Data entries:
──────

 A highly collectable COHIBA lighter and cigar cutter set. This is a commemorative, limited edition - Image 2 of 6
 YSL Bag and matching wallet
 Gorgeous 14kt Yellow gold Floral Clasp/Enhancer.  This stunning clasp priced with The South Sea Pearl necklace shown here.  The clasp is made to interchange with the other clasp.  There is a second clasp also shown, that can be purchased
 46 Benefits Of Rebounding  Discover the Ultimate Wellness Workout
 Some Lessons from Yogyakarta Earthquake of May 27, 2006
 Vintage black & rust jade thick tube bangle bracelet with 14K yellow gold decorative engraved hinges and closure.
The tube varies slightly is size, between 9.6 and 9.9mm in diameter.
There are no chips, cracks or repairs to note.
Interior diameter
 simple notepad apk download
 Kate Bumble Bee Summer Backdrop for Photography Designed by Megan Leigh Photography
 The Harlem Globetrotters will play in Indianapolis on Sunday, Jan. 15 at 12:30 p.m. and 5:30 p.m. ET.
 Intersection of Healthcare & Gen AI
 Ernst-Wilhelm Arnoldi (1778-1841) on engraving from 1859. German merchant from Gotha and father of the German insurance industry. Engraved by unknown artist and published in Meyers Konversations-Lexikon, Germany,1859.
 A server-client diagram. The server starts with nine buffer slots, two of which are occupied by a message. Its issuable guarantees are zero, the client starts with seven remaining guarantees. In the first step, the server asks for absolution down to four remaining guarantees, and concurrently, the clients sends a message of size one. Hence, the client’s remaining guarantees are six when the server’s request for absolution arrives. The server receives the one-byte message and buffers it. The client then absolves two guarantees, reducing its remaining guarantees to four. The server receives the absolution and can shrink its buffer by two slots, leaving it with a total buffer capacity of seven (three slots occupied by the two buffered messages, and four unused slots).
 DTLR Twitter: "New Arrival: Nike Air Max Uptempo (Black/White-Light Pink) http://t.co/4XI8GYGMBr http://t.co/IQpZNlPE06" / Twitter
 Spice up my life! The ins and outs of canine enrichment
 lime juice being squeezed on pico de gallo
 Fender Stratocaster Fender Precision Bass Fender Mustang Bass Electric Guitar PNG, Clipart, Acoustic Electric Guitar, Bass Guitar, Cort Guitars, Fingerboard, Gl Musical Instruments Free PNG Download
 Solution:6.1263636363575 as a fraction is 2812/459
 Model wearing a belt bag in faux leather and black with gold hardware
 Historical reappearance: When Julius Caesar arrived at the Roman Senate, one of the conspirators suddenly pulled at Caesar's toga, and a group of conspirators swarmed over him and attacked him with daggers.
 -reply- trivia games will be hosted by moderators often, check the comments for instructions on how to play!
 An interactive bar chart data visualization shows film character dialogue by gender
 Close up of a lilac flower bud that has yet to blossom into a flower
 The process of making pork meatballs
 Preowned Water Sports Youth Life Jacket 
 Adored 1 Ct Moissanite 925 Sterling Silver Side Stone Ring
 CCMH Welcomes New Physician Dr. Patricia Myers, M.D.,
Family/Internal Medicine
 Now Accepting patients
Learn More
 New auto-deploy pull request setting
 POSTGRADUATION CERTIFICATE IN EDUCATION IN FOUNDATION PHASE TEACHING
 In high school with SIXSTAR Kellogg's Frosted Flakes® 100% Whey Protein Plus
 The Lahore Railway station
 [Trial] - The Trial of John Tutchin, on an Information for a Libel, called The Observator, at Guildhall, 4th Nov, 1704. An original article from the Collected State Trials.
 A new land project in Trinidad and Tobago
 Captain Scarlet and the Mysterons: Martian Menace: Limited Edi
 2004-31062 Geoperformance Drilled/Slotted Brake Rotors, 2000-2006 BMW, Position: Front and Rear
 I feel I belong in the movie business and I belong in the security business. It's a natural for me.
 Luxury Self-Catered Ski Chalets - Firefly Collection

──────

§ TO DO:
From the first line through the last, repeat the entries exactly.

§ TASK SOLUTION:
 A highly collectable COHIBA lighter and cigar cutter set. This is a commemorative, limited edition - Image 2 of 6
 YSL Bag and matching wallet
 Gorgeous 14kt Yellow gold Floral Clasp/Enhancer.  This stunning clasp priced with The South Sea Pearl necklace shown here.  The clasp is made to interchange with the other clasp.  There is a second clasp also shown, that can be purchased
 46 Benefits Of Rebounding  Discover the Ultimate Wellness Workout
 Some Lessons from Yogyakarta Earthquake of May 27, 2006
 Vintage black & rust jade thick tube bangle bracelet with 14K yellow gold decorative engraved hinges and closure.
The tube varies slightly is size, between 9.6 and 9.9mm in diameter.
There are no chips, cracks or repairs to note.
Interior diameter
 simple notepad apk download
 Kate Bumble Bee Summer Backdrop for Photography Designed by Megan Leigh Photography
 The Harlem Globetrotters will play in Indianapolis on Sunday, Jan. 15 at 12:30 p.m. and 5:30 p.m. ET.
 Intersection of Healthcare & Gen AI
 Ernst-Wilhelm Arnoldi (1778-1841) on engraving from 1859. German merchant from Gotha and father of the German insurance industry. Engraved by unknown artist and published in Meyers Konversations-Lexikon, Germany,1859.
 A server-client diagram. The server starts with nine buffer slots, two of which are occupied by a message. Its issuable guarantees are zero, the client starts with seven remaining guarantees. In the first step, the server asks for absolution down to four remaining guarantees, and concurrently, the clients sends a message of size one. Hence, the client’s remaining guarantees are six when the server’s request for absolution arrives. The server receives the one-byte message and buffers it. The client then absolves two guarantees, reducing its remaining guarantees to four. The server receives the absolution and can shrink its buffer by two slots, leaving it with a total buffer capacity of seven (three slots occupied by the two buffered messages, and four unused slots).
 DTLR Twitter: "New Arrival: Nike Air Max Uptempo (Black/White-Light Pink) http://t.co/4XI8GYGMBr http://t.co/IQpZNlPE06" / Twitter
 Spice up my life! The ins and outs of canine enrichment
 lime juice being squeezed on pico de gallo
 Fender Stratocaster Fender Precision Bass Fender Mustang Bass Electric Guitar PNG, Clipart, Acoustic Electric Guitar, Bass Guitar, Cort Guitars, Fingerboard, Gl Musical Instruments Free PNG Download
 Solution:6.1263636363575 as a fraction is 2812/459
 Model wearing a belt bag in faux leather and black with gold hardware
 Historical reappearance: When Julius Caesar arrived at the Roman Senate, one of the conspirators suddenly pulled at Caesar's toga, and a group of conspirators swarmed over him and attacked him with daggers.
 -reply- trivia games will be hosted by moderators often, check the comments for instructions on how to play!
 An interactive bar chart data visualization shows film character dialogue by gender
 Close up of a lilac flower bud that has yet to blossom into a flower
 The process of making pork meatballs
 Preowned Water Sports Youth Life Jacket 
 Adored 1 Ct Moissanite 925 Sterling Silver Side Stone Ring
 CCMH Welcomes New Physician Dr. Patricia Myers, M.D.,
Family/Internal Medicine
 Now Accepting patients
Learn More
 New auto-deploy pull request setting
 POSTGRADUATION CERTIFICATE IN EDUCATION IN FOUNDATION PHASE TEACHING
 In high school with SIXSTAR Kellogg's Frosted Flakes® 100% Whey Protein Plus
 The Lahore Railway station
 [Trial] - The Trial of John Tutchin, on an Information for a Libel, called The Observator, at Guildhall, 4th Nov, 1704. An original article from the Collected State Trials.
 A new land project in Trinidad and Tobago
 Captain Scarlet and the Mysterons: Martian Menace: Limited Edi
 2004-31062 Geoperformance Drilled/Slotted Brake Rotors, 2000-2006 BMW, Position: Front and Rear
 I feel I belong in the movie business and I belong in the security business. It's a natural for me.
 Luxury Self-Catered Ski Chalets - Firefly Collection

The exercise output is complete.